Capacity Planning for the Worst-Case Tenant

Once you can see thrashing, the next question is what to do about it. The default answer the inference provider offers is "use longer TTLs" — Anthropic's 1-hour extended caching, for example — and this is genuinely useful but not sufficient. A longer TTL only helps if your cache entries survive that long against eviction, and eviction in a multi-tenant deployment is driven by other tenants' traffic, not by clock time.

The architectural moves that actually help, ordered by how much engineering investment they require:

Reserve cache headroom for the worst case, not the average.
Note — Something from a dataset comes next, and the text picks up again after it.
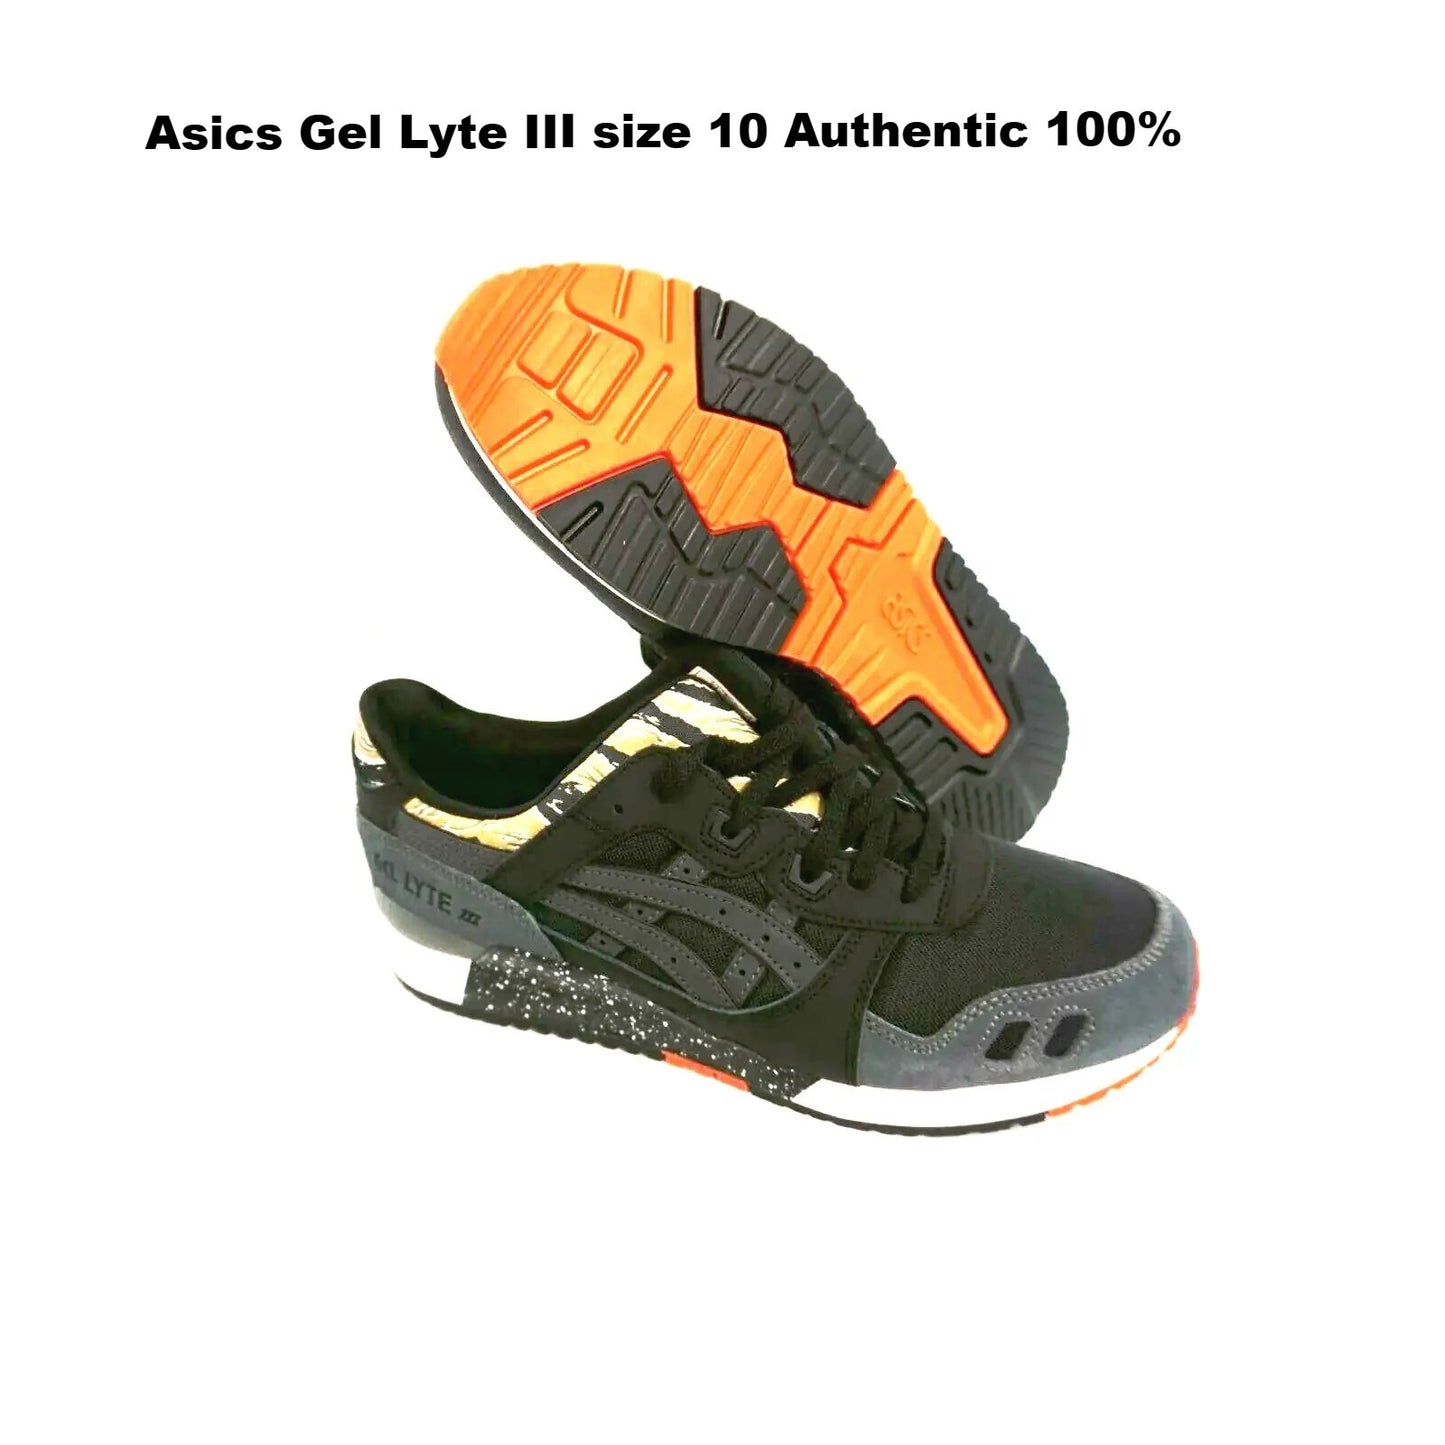 Asics mens gel lyte iii running shoes tiger black orange size 10 us

If your largest tenant can plausibly 5x their volume during a launch, your capacity plan needs to assume that happens during the same hour as everyone else's normal traffic. The aggregate cache hit rate spreadsheet that uses average tenant volume is forecasting against a scenario that doesn't survive contact with a single customer-success milestone.

Pre-warm prefixes for tenants whose workloads are predictable. If tenant X always runs their nightly batch at 02:00 UTC, fire a single throwaway request against their prefix at 01:55 to seed the cache. The cost is one cached-write penalty per scheduled job. The benefit is that the batch's first hundred requests don't pay the cold-cache tax.

Stabilize the prefix shape that shouldn't change. The thrashing events that come from "silent reformatting" are entirely avoidable by treating the cached region of the prompt like a schema. Pin the JSON serialization order. Hoist any dynamic content (timestamps, session IDs, user-specific metadata) below the cache breakpoint. Treat changes to the cached region as a release-gated event, the same way you'd treat a database migration, and run a hit-rate regression check before merging.

Route prefix-divergent tenants separately when economics warrant it. If you have a single very large tenant whose prefix shape is fundamentally different from the rest of your fleet, the right architectural answer may be to send their traffic through a different deployment — different organization at the provider, different API key, different billing cohort. This is expensive in coordination but cheap in cache contention, because each cohort gets its own cache budget. The trigger condition is when one tenant's traffic alone is large enough to evict the rest.

What the Architecture Diagram Should Have Said

There is a load-bearing assumption in most multi-tenant SaaS architecture diagrams that the inference call is a leaf node — a stateless function whose cost depends only on its inputs. Prompt caching breaks this assumption. The inference call now has shared state with every other inference call your organization makes in the next five to sixty minutes, and the state is mediated by a cache you don't control, denominated in tokens you don't see, evicted by a policy you can't introspect.

The team that hasn't drawn this dependency on their architecture diagram is going to learn about it the way the SaaS industry has been learning about noisy-neighbor problems for fifteen years: by getting paged, finding nothing wrong with their service, and only later realizing the shared resource was the thing they paid the platform to handle for them. Cache hit rate is now a tenant-coupling surface. It belongs in the noisy-neighbor section of the architecture review, not the cost-optimization section of the engineering wiki.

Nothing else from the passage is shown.